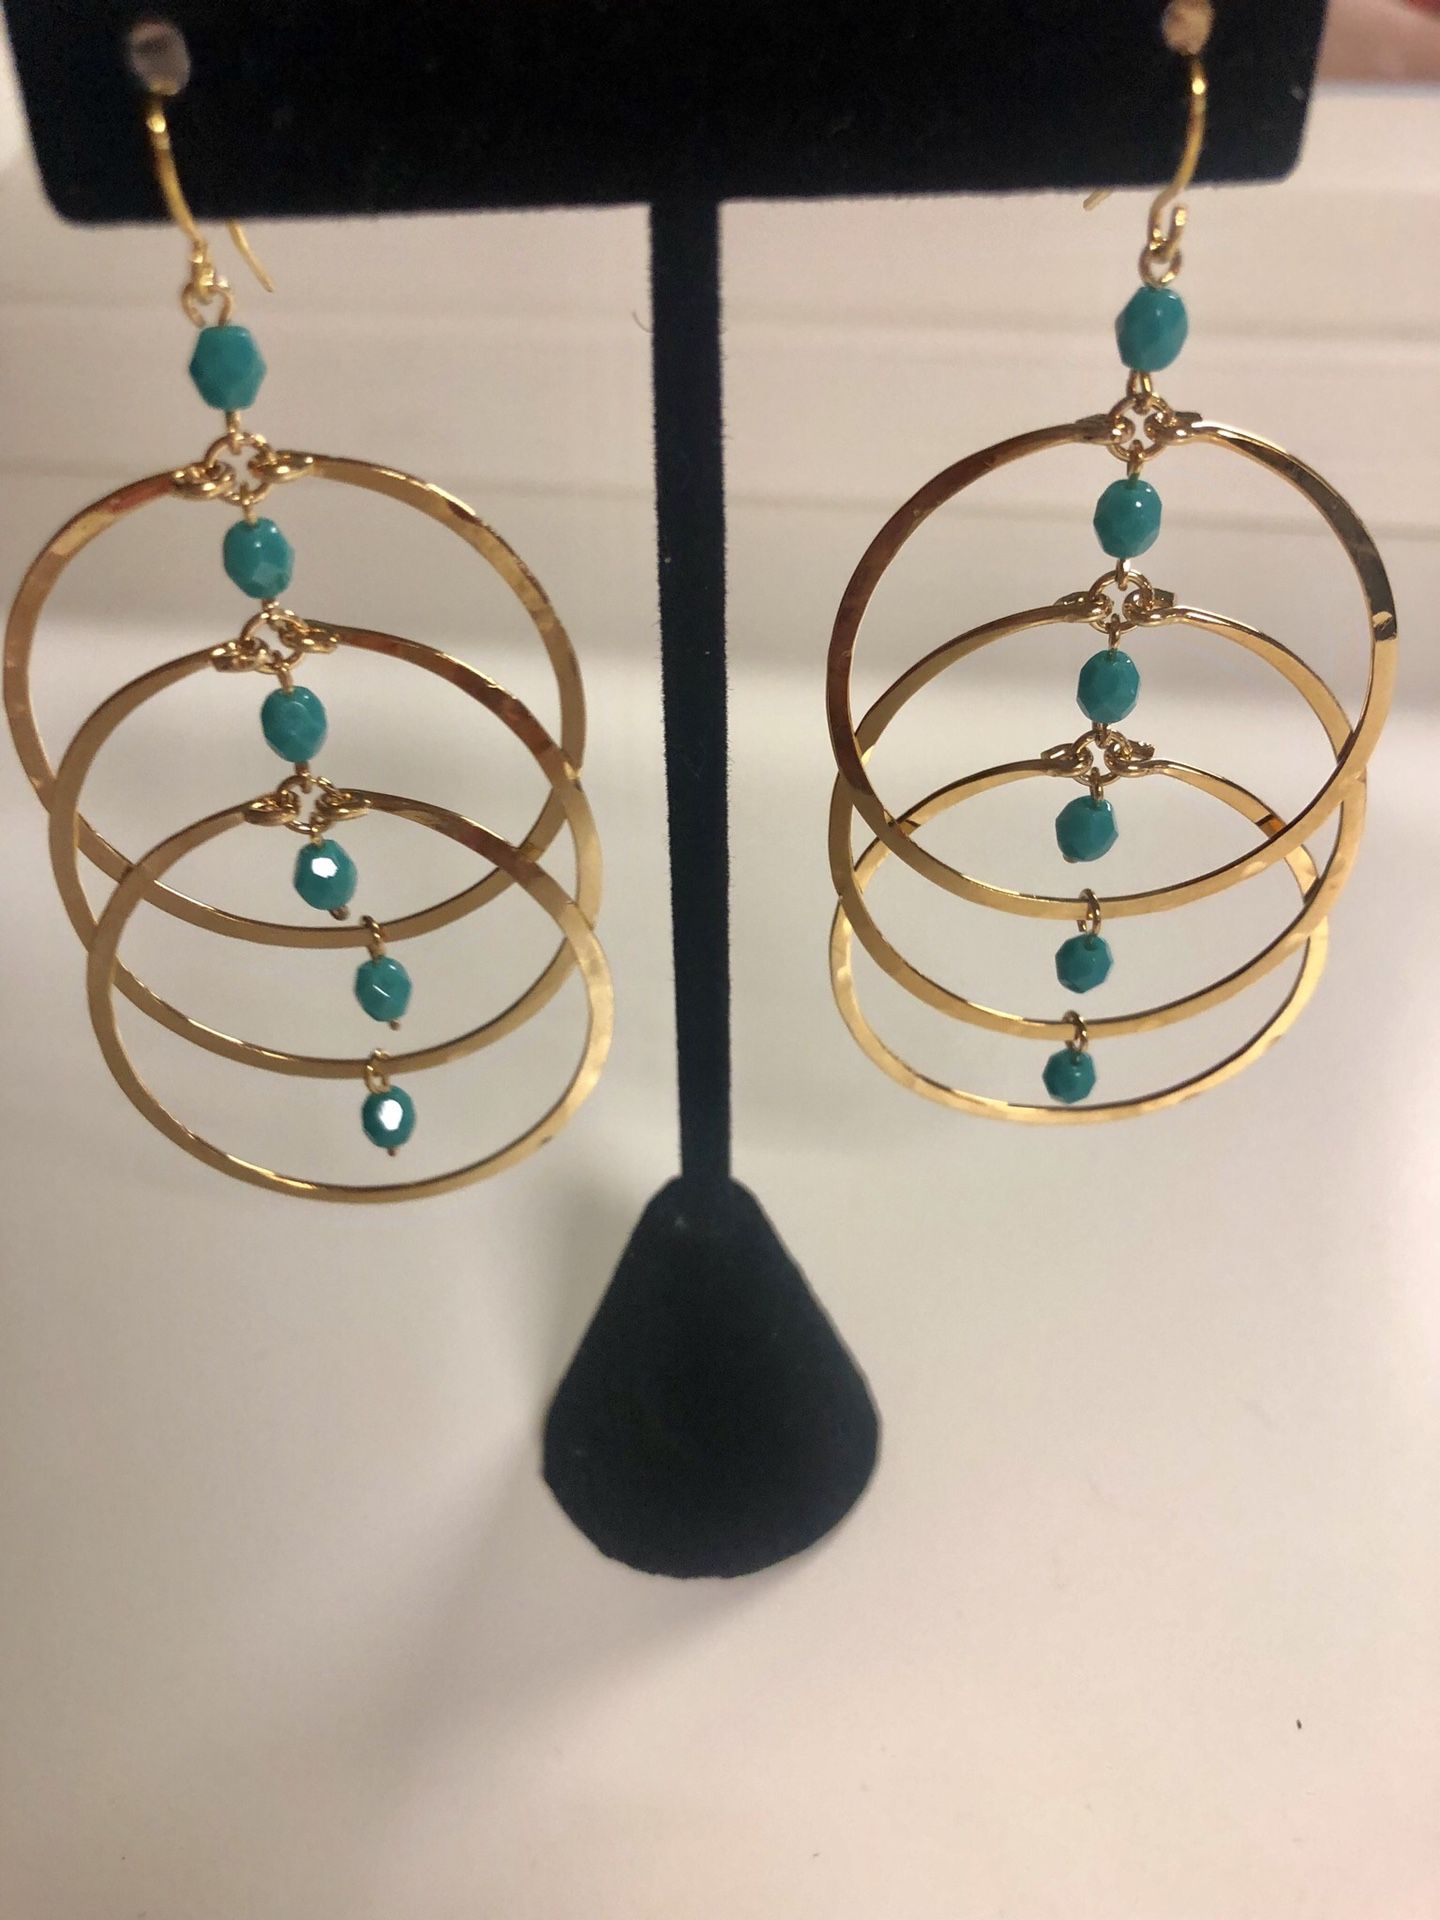 Earrings turquoise surgical steel Earwire exclusive designs. earrings circle turquoise $13.95
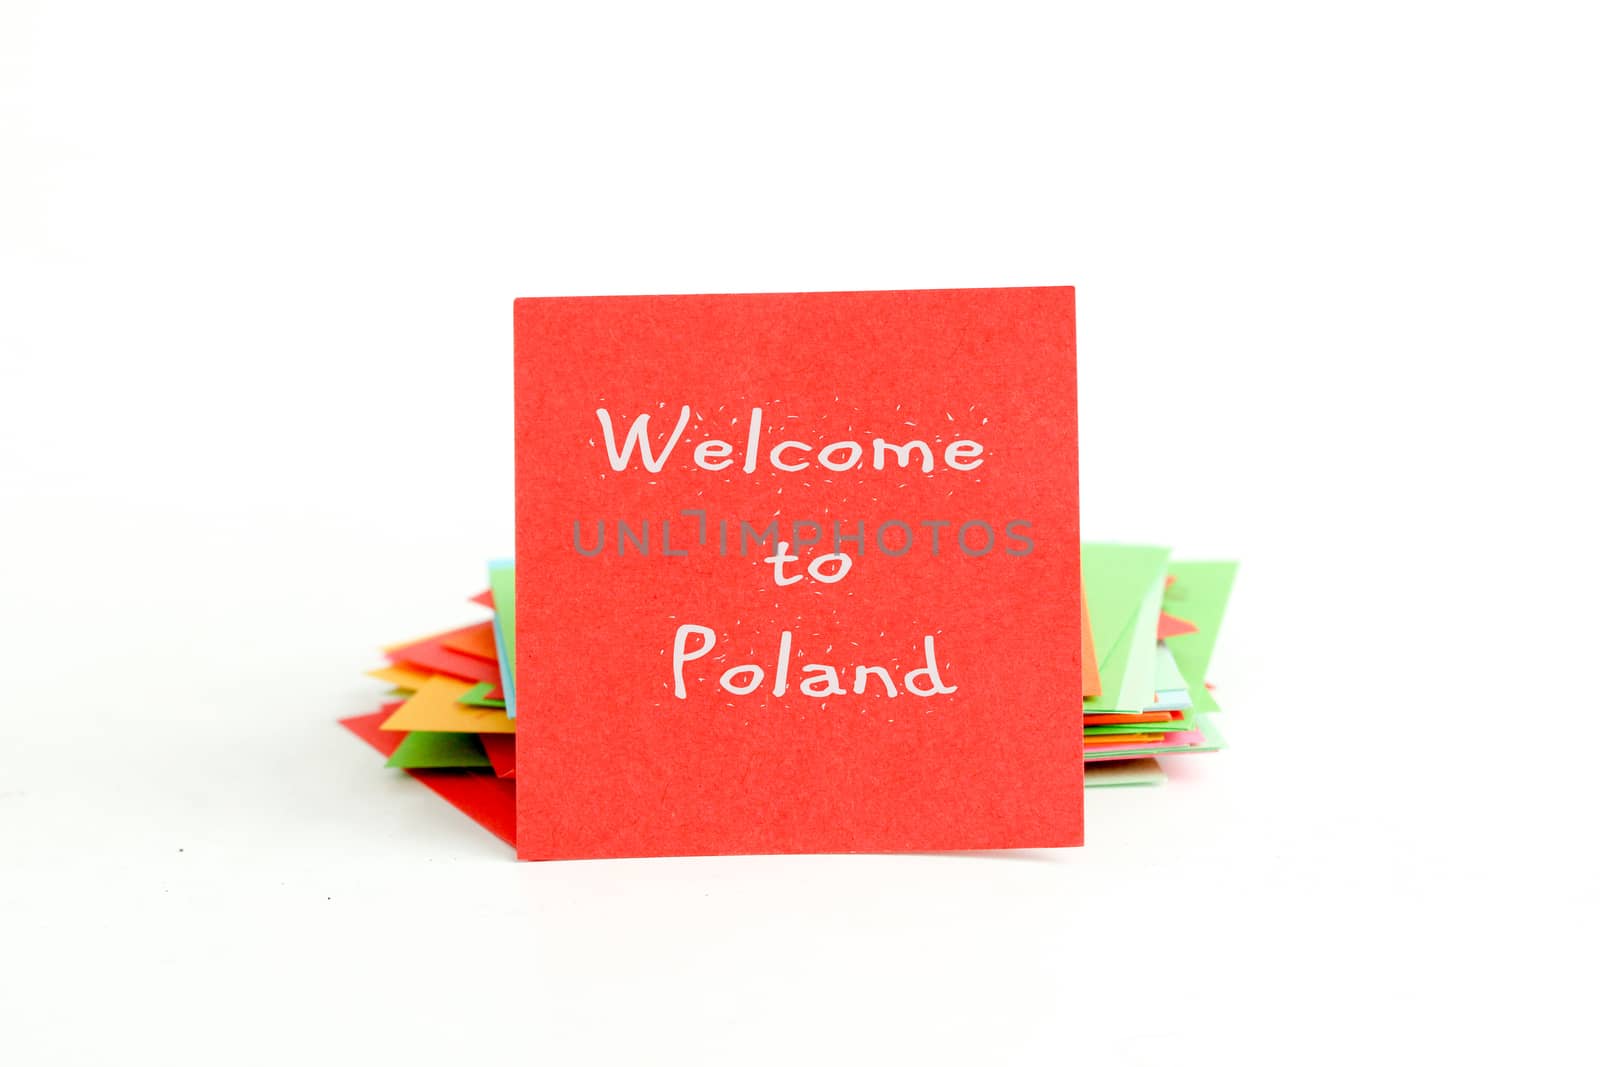 picture of a red note paper with text welcome to poland
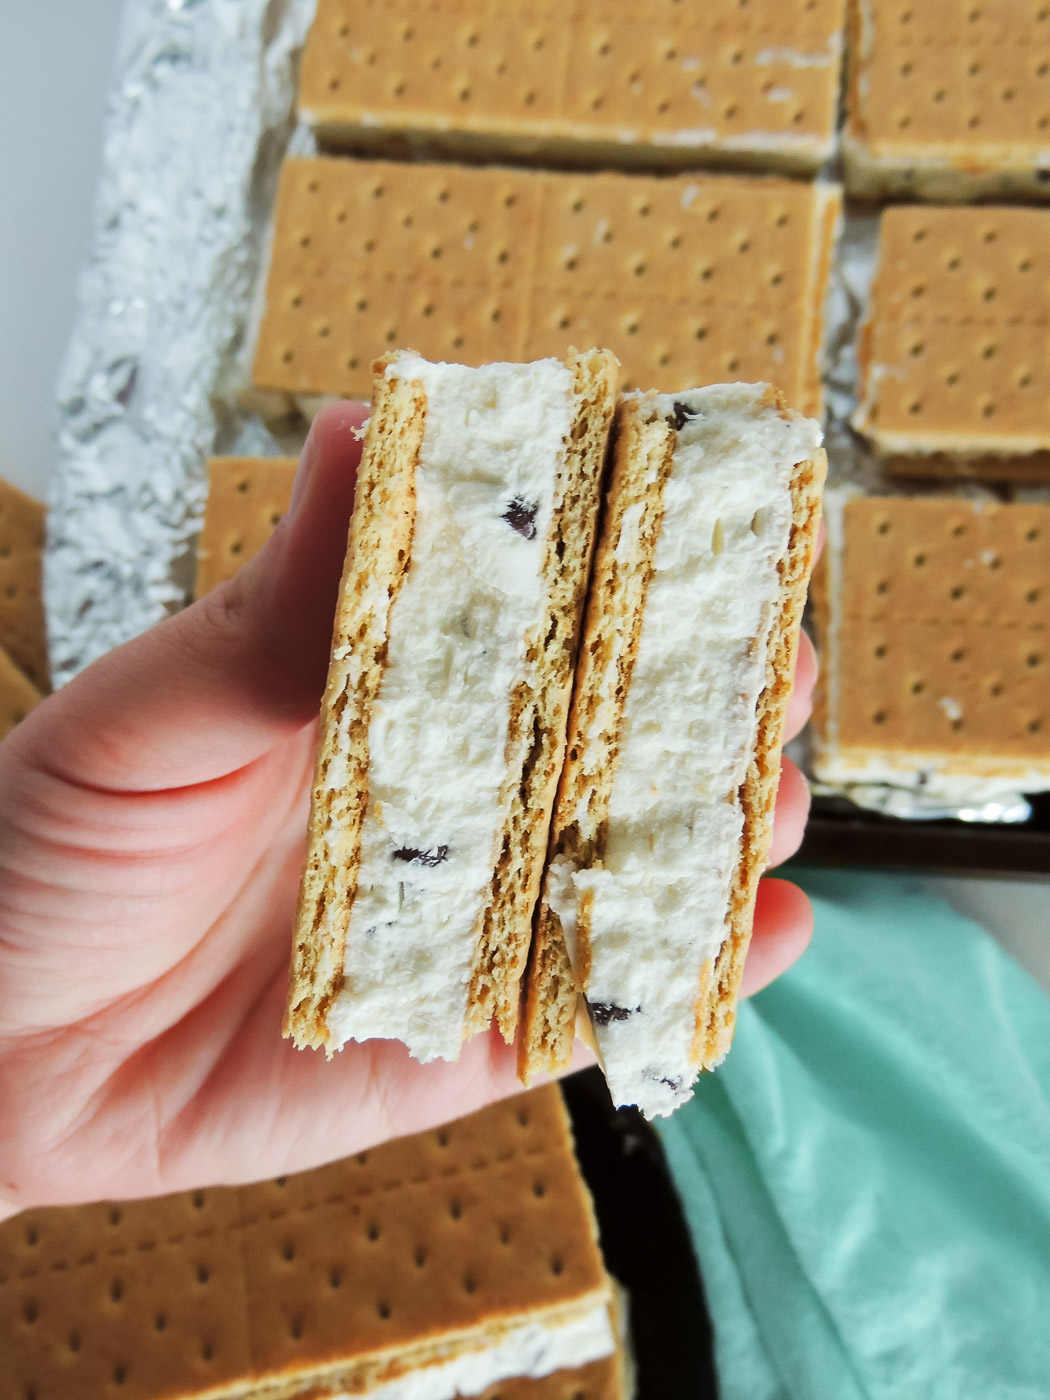 White woman's hand holding a homemade ice cream sandwich that has been cut in half

--*--

TASK ITEM:
Would you restate the listing word for word and leave every picture out?

WRITTEN ANSWER:
 Earrings turquoise surgical steel Earwire exclusive designs. earrings circle turquoise $13.95
 picture of a red note paper with text welcome to poland
 White woman's hand holding a homemade ice cream sandwich that has been cut in half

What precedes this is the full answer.